J. Accredited Investor. The Holder represents and warrants that he/she/it is an “accredited investor” within the meaning of Rule 501 of Regulation D, as presently in effect.
K. Governing Law and Consent to Jurisdiction. This Note is being delivered in and for all purposes shall be construed in accordance with and governed by the laws of the State of Maryland, without regard to the conflicts of laws provisions thereof. The Company hereby consents to the jurisdiction of and venue in any court of competent jurisdiction in New York.
L. Issue Date. The provisions of this Note shall be construed and shall be given effect in all respects as if this Note had been issued and delivered by the Company on the earlier of the date hereof or the date of issuance of any Note for which this Note is issued in replacement. This Note shall be binding upon any successors or assigns of the Company.
M. Heading; References. All headings used herein are used for convenience only and shall not be used to construe or interpret this Note. Except as otherwise indicated, all references herein to Sections refer to Sections hereof.
N. Waiver by the Company. The Company hereby expressly waives demand, notice, presentment, protest, notice of dishonor and nonpayment of this Note, and all other notices and demands of any kind in connection with the delivery, acceptance, performance, default or enforcement hereof.

O. Delays. No delay by the Holder in exercising any power or right hereunder shall operate as a waiver of any power or right.
P. Severability. If one or more provisions of this Note are held to be unenforceable under applicable law, such provision shall be excluded from this Note and the balance of the Note shall be interpreted as if such provision were so excluded and shall be enforceable in accordance with its terms.
Q. No Impairment. The Company will not, by any voluntary action, avoid or seek to avoid the observance or performance of any of the terms to be observed or performed hereunder by the Company, but will at all times in good faith assist in the carrying out of all the provisions of this Note and in the taking of all such action as may be necessary or appropriate in order to protect the rights of the Holder of this Note against impairment.
R. Expenses. The Company agrees to pay all of the Holder’s reasonable costs, fees and expenses, if any (including reasonable counsel fees and expenses, costs of collection and court costs), in connection with the enforcement of this Note.

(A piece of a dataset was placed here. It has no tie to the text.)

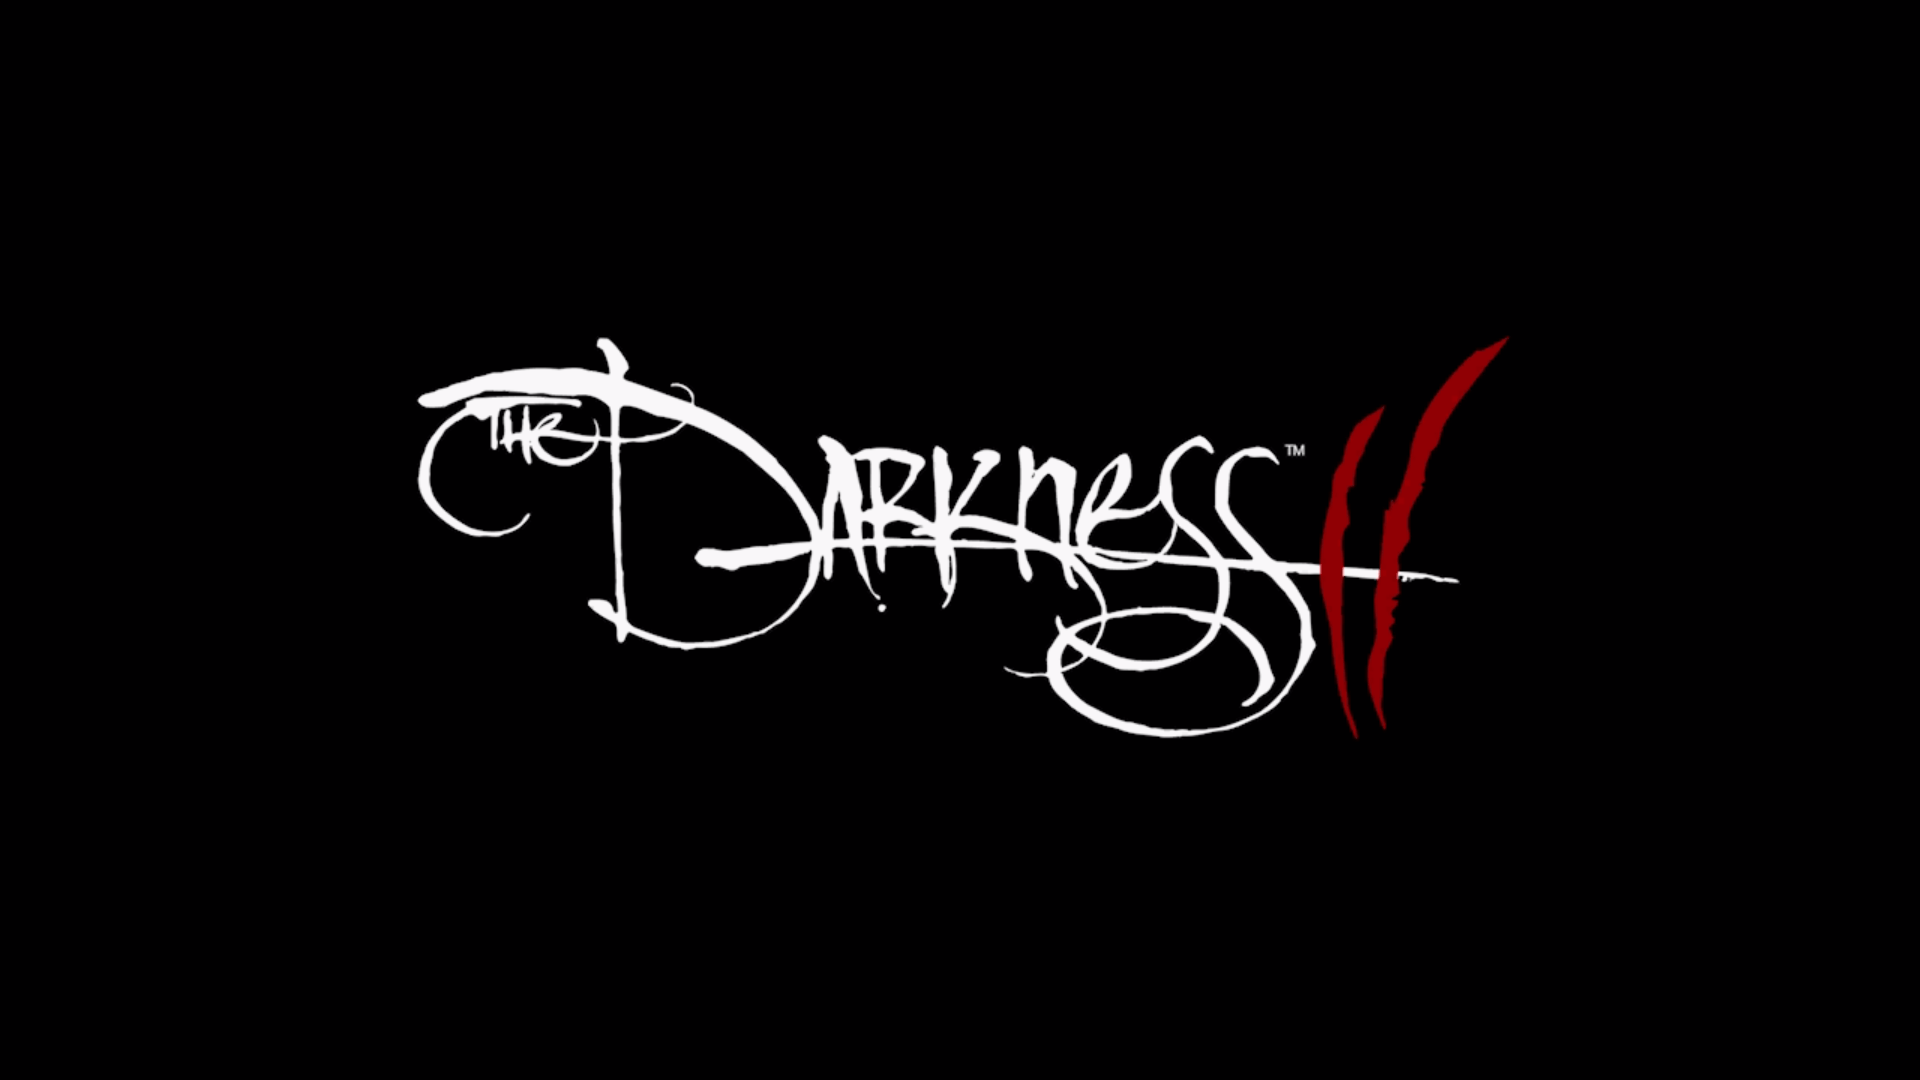 The Darkness Logo Black Yuiphone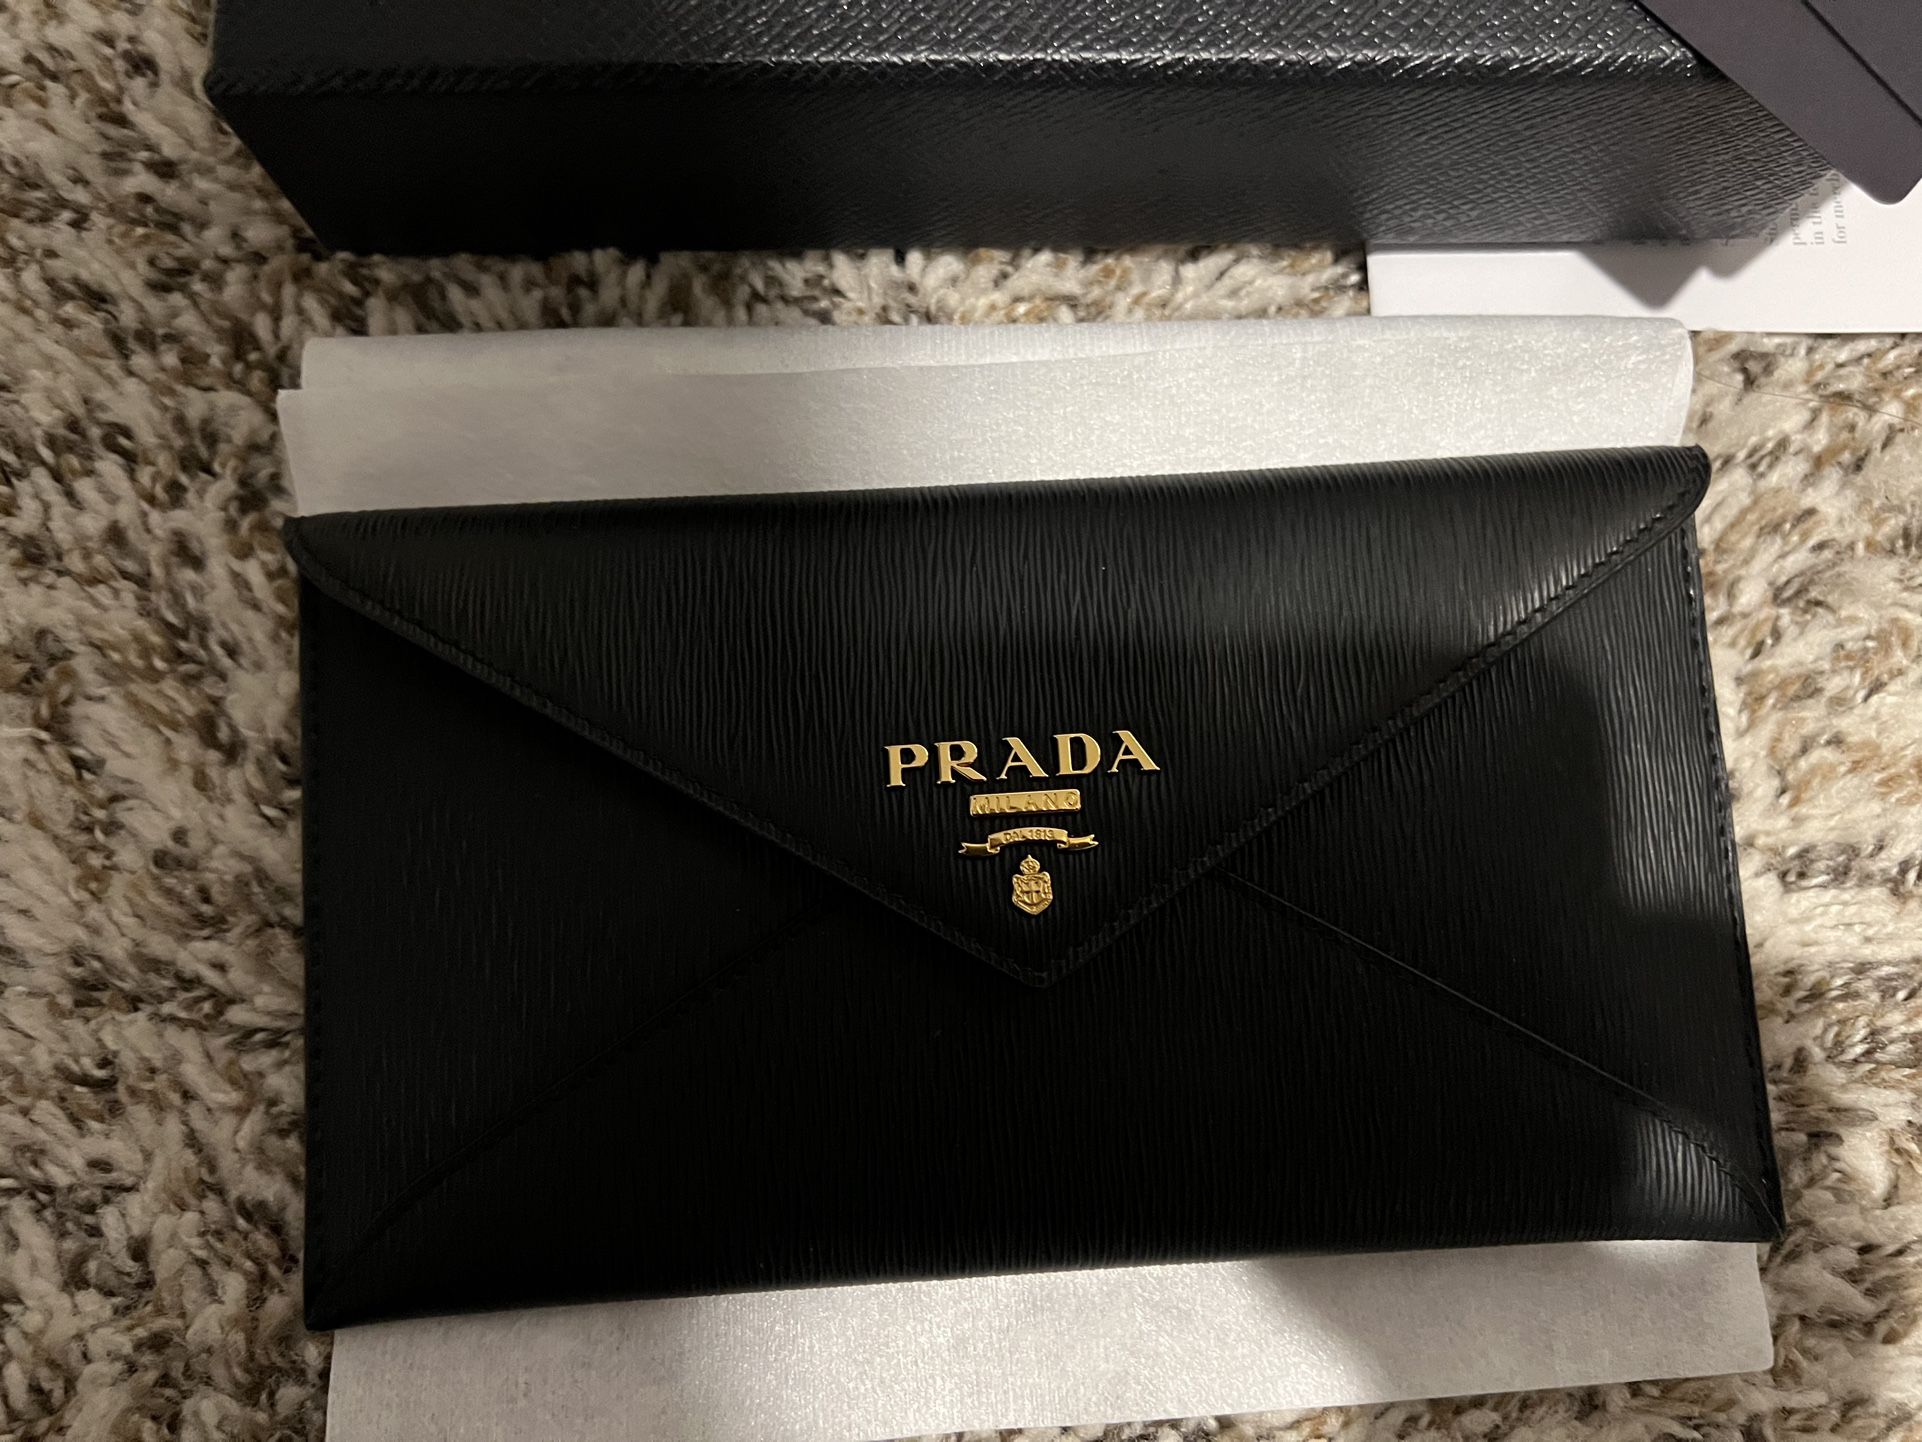 NEW AUTHENTIC PRADA CLUTCH WITH RECEIPT AND ALL PACKAGING

IN WITNESS WHEREOF, the Company has caused this Note to be executed in its corporate name and this Note to be dated, issued and delivered, all on the date first above written.
a Maryland corporation
Print Name
Accepted and Agreed to:
Print Name of Holder
(Print Name, if signing on behalf of entity)
Title (if applicable)

(To Assign the foregoing Note, execute
this form and supply required information.)
FOR VALUE RECEIVED, an interest corresponding to the unpaid principal amount of the foregoing Note and all rights evidenced thereby are hereby assigned to

(Please Print)
whose address is                                                                                                                                      

Holder’s Signature:                                                        
Holder’s Address:                                                          
Signature Guaranteed:                                                                 
The signature to this Assignment Form must correspond with the name as it appears on the face of the Note, without alteration or enlargement or any change whatever, and must be guaranteed by a bank or trust company. Officers of corporations and those acting in a fiduciary or other representative capacity should file proper evidence of authority to assign the foregoing Note.